-- Supplied records --
*** Block opens ***

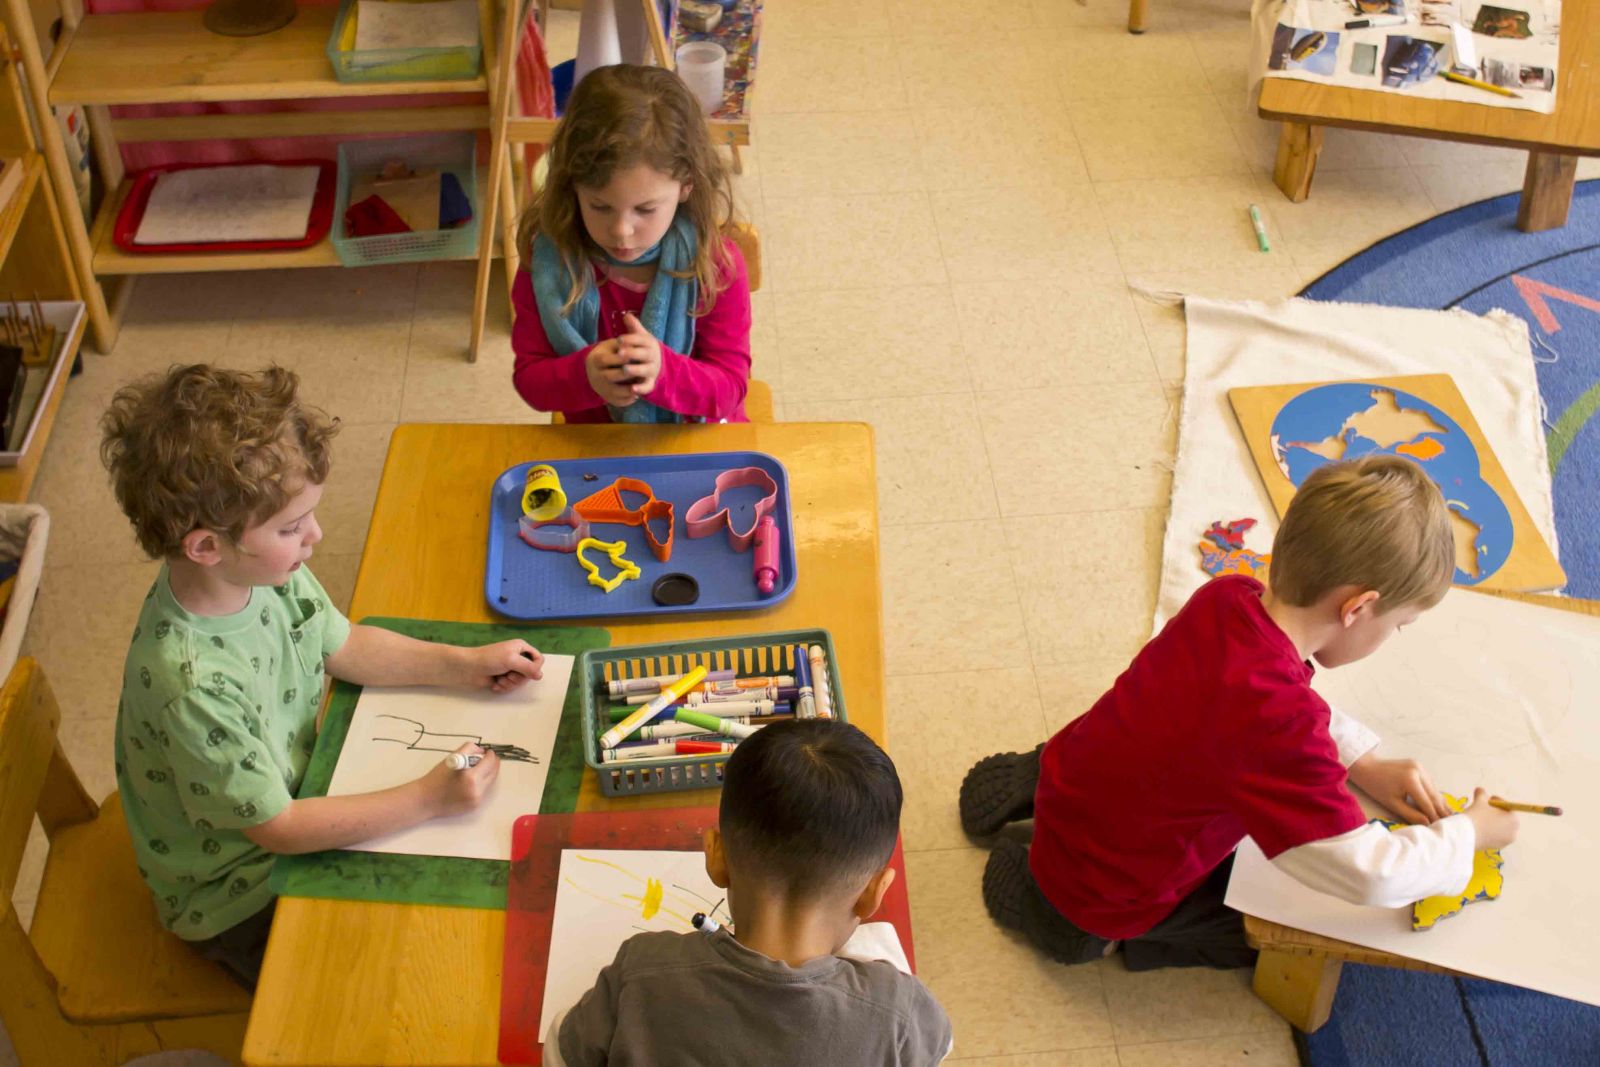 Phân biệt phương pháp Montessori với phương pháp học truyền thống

*** Block closes ***
*** Block opens ***

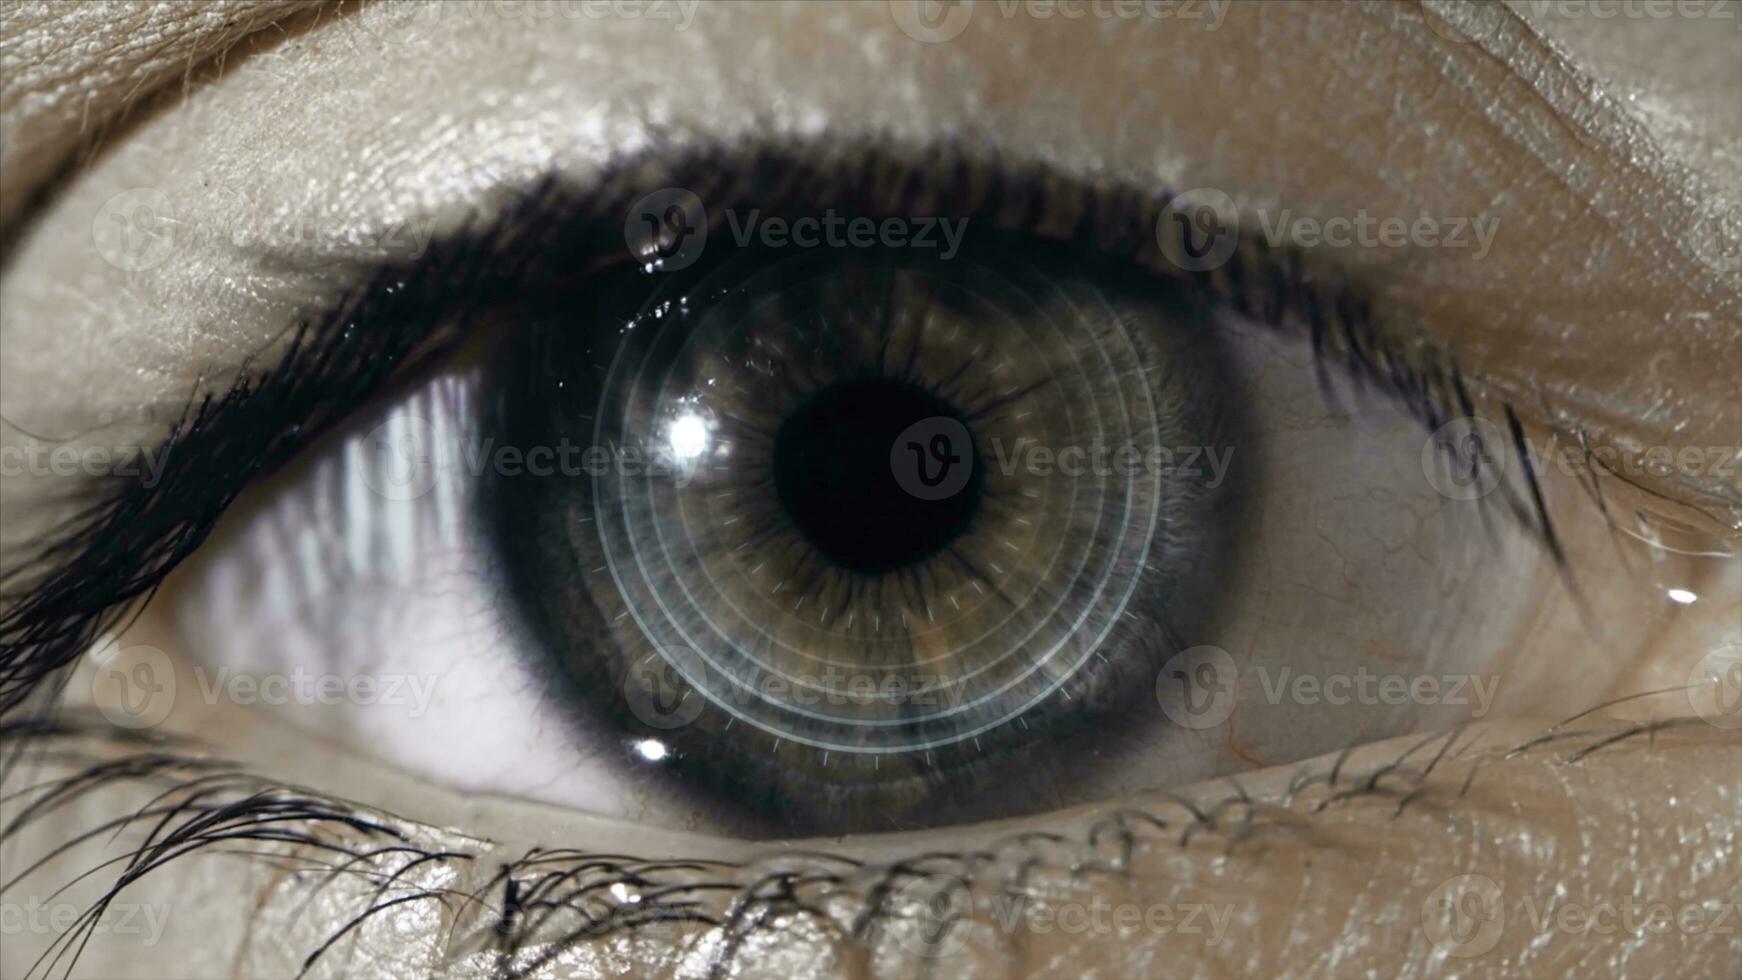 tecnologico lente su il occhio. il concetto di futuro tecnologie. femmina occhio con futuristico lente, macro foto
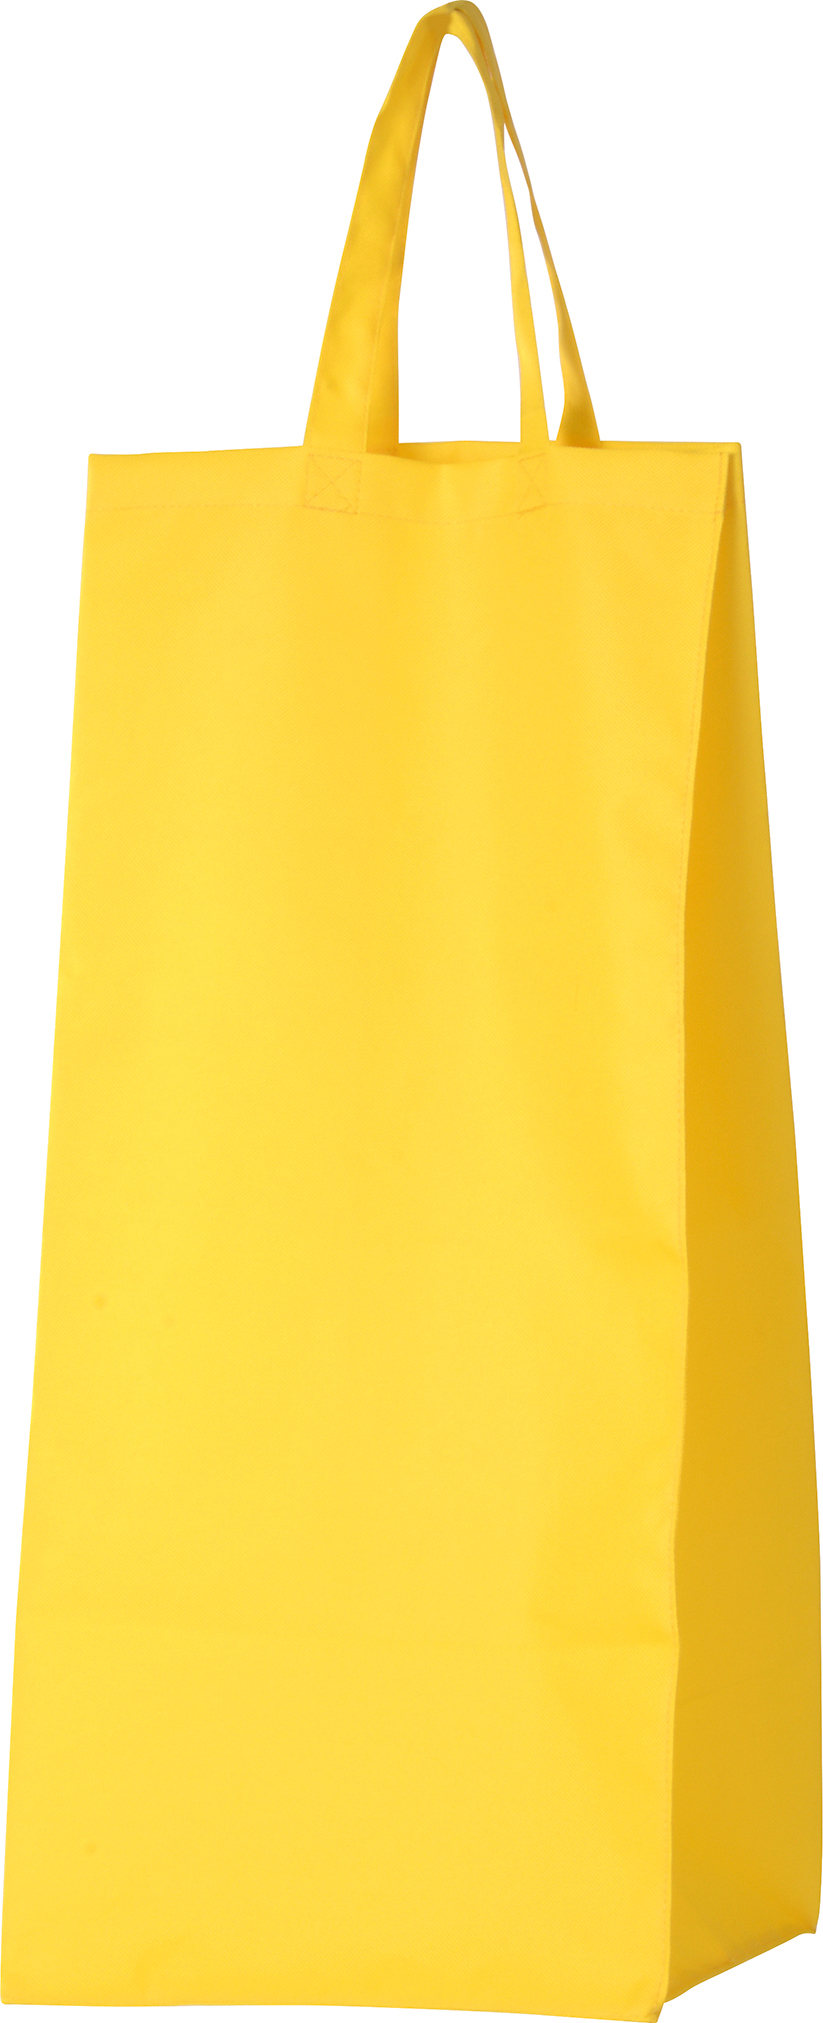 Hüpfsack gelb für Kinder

*** Block closes ***

-- What you have to do --
Although pictures appear among the records above, write out exactly only the lines from the one that has "tecnologico lente su" through the one that has "Hüpfsack gelb für Kinder", and leave the pictures out.

-- Written solution --
 tecnologico lente su il occhio. il concetto di futuro tecnologie. femmina occhio con futuristico lente, macro foto
 Hüpfsack gelb für Kinder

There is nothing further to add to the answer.